Material provided:
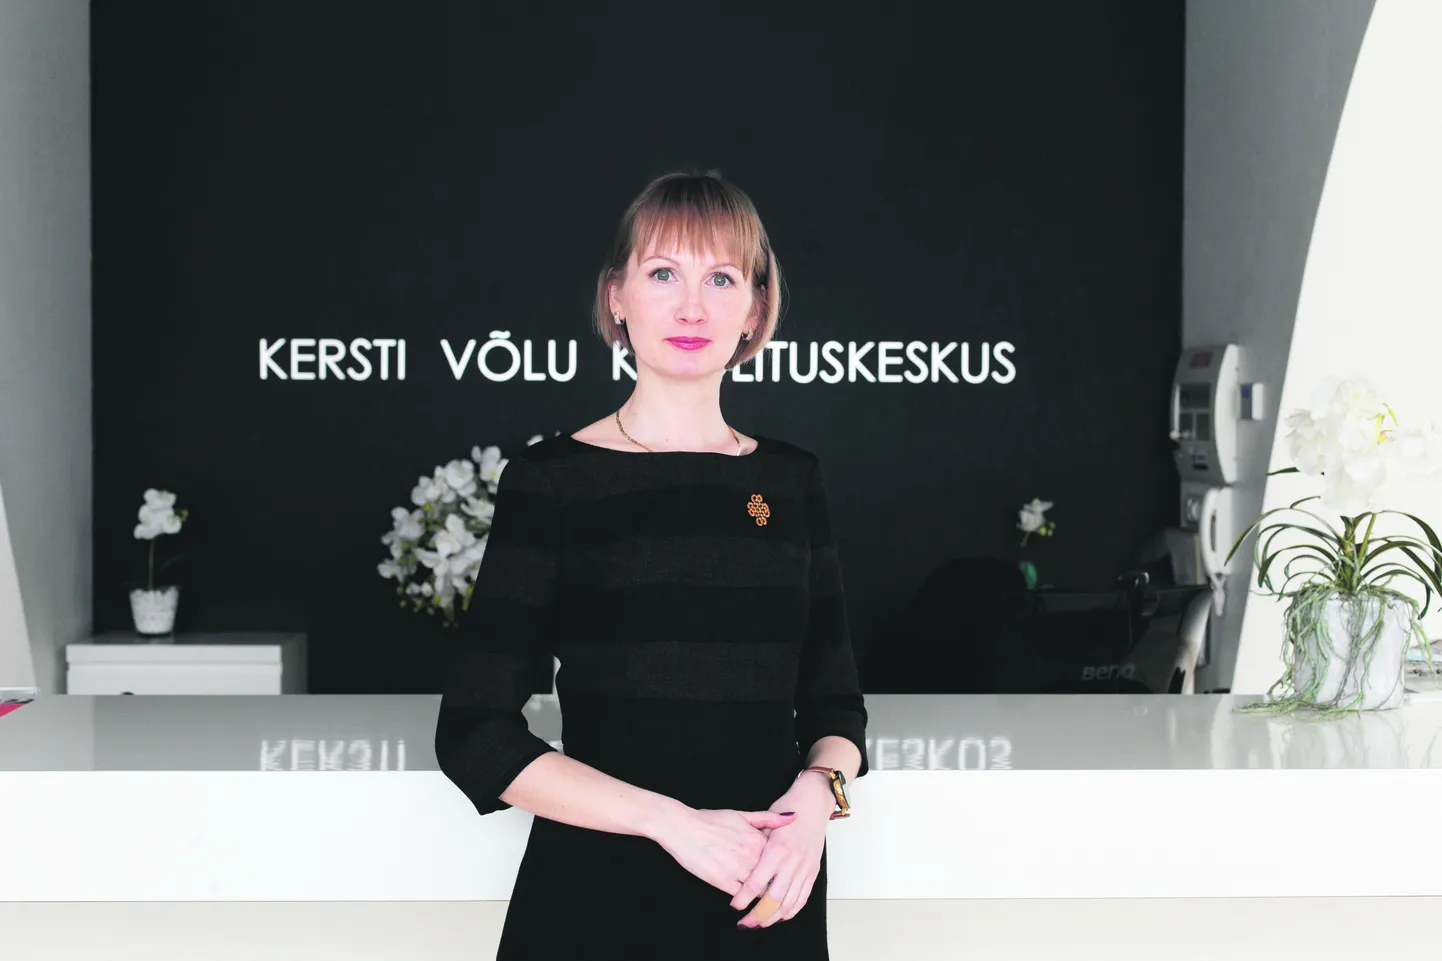 Алевтина Ермакова, сейчас работающая руководителем проектов в учебном центре Керсти Вылу, с большой долей вероятности станет следующим вице-мэром Кохтла-Ярве по вопросам культуры и образования.
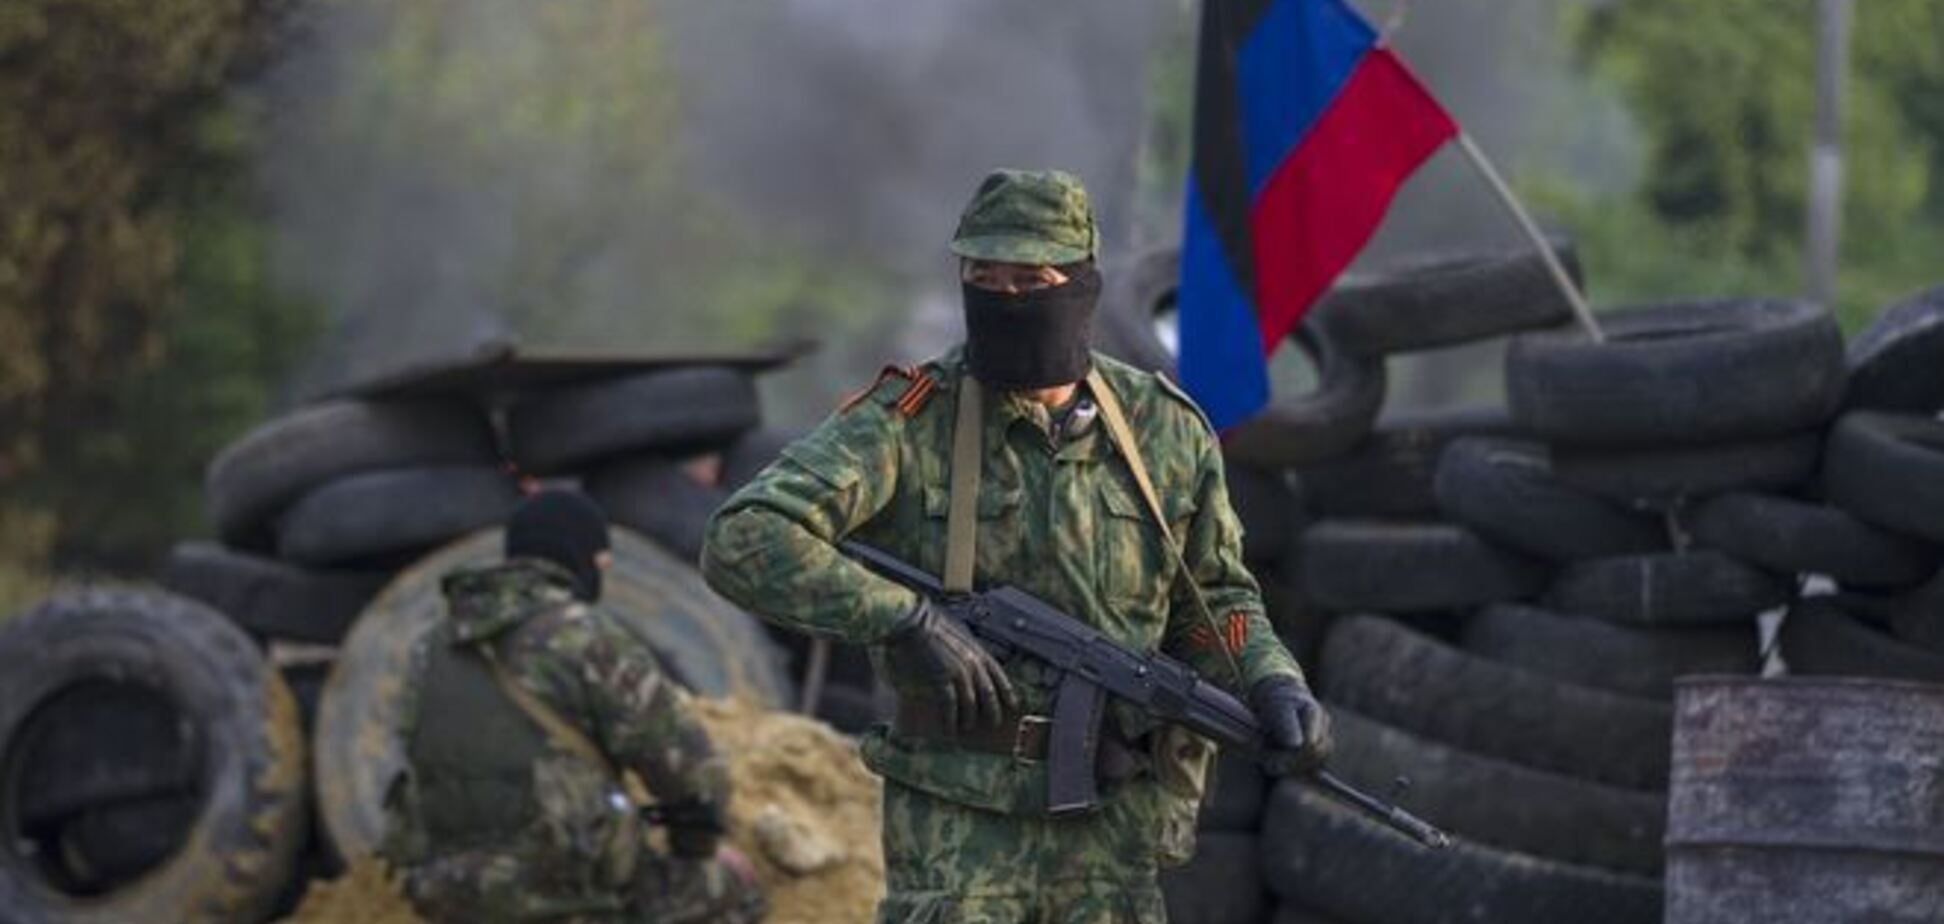 Террористы в Донецке платят милиционерам десятки тысяч долларов за предательство - источник
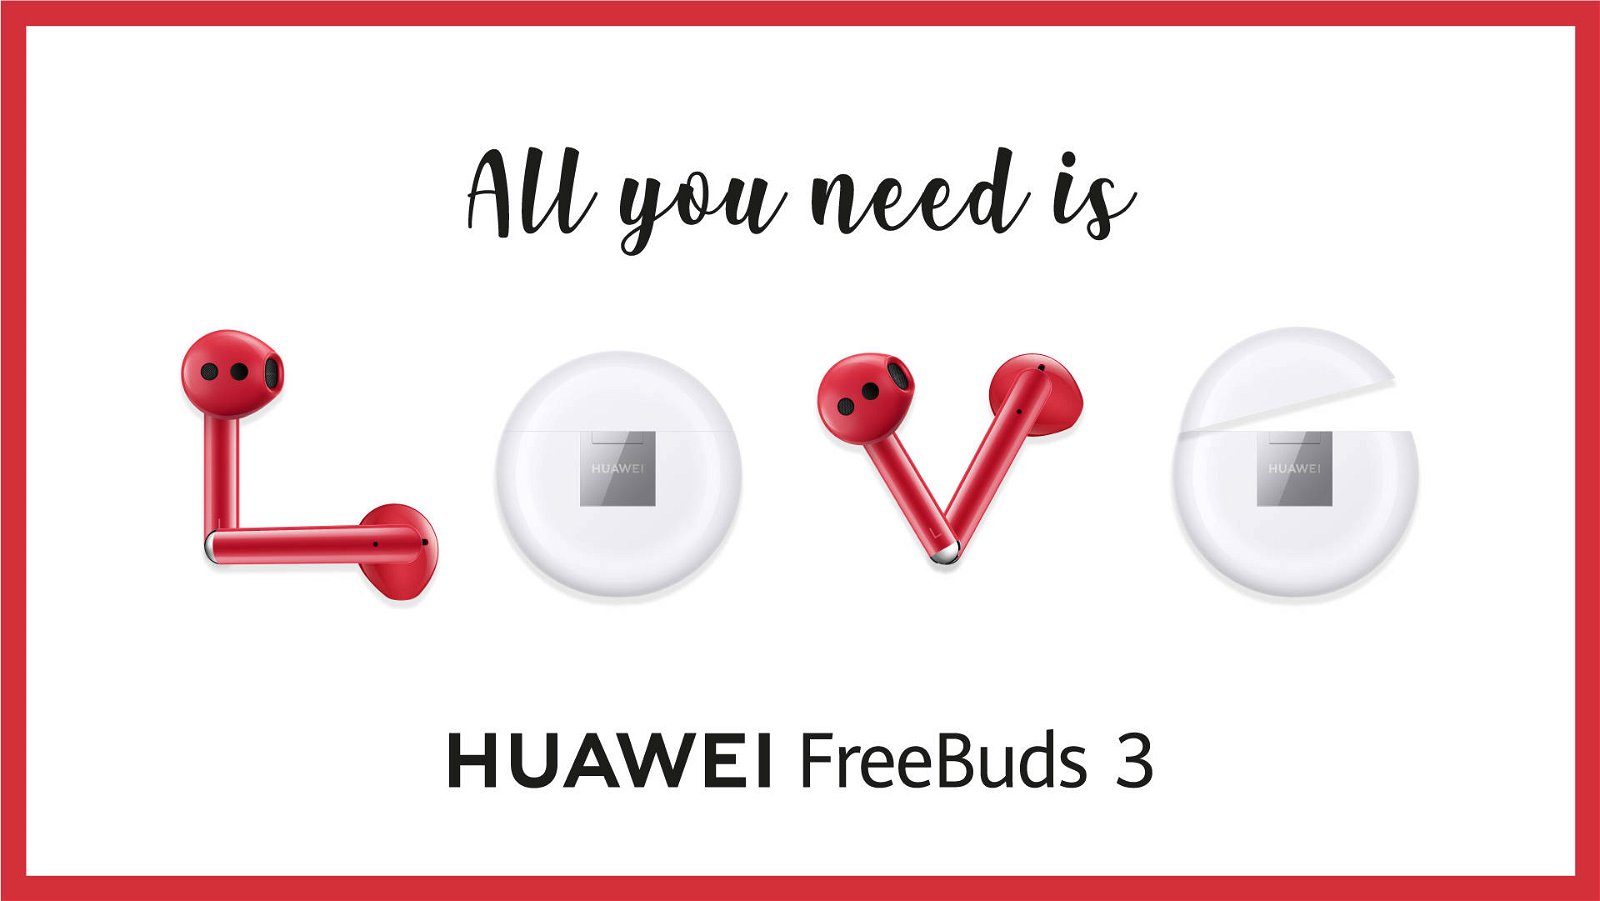 Immagine di Huawei, FreeBuds 3 e Watch GT 2 protagonisti della nuova promozione dedicata a San Valentino

Try it: What you produce must match the listing word for word, with no images in it.

Result of this exercise:
 Алевтина Ермакова, сейчас работающая руководителем проектов в учебном центре Керсти Вылу, с большой долей вероятности станет следующим вице-мэром Кохтла-Ярве по вопросам культуры и образования.
 Террористы в Донецке платят милиционерам десятки тысяч долларов за предательство - источник
 Immagine di Huawei, FreeBuds 3 e Watch GT 2 protagonisti della nuova promozione dedicata a San Valentino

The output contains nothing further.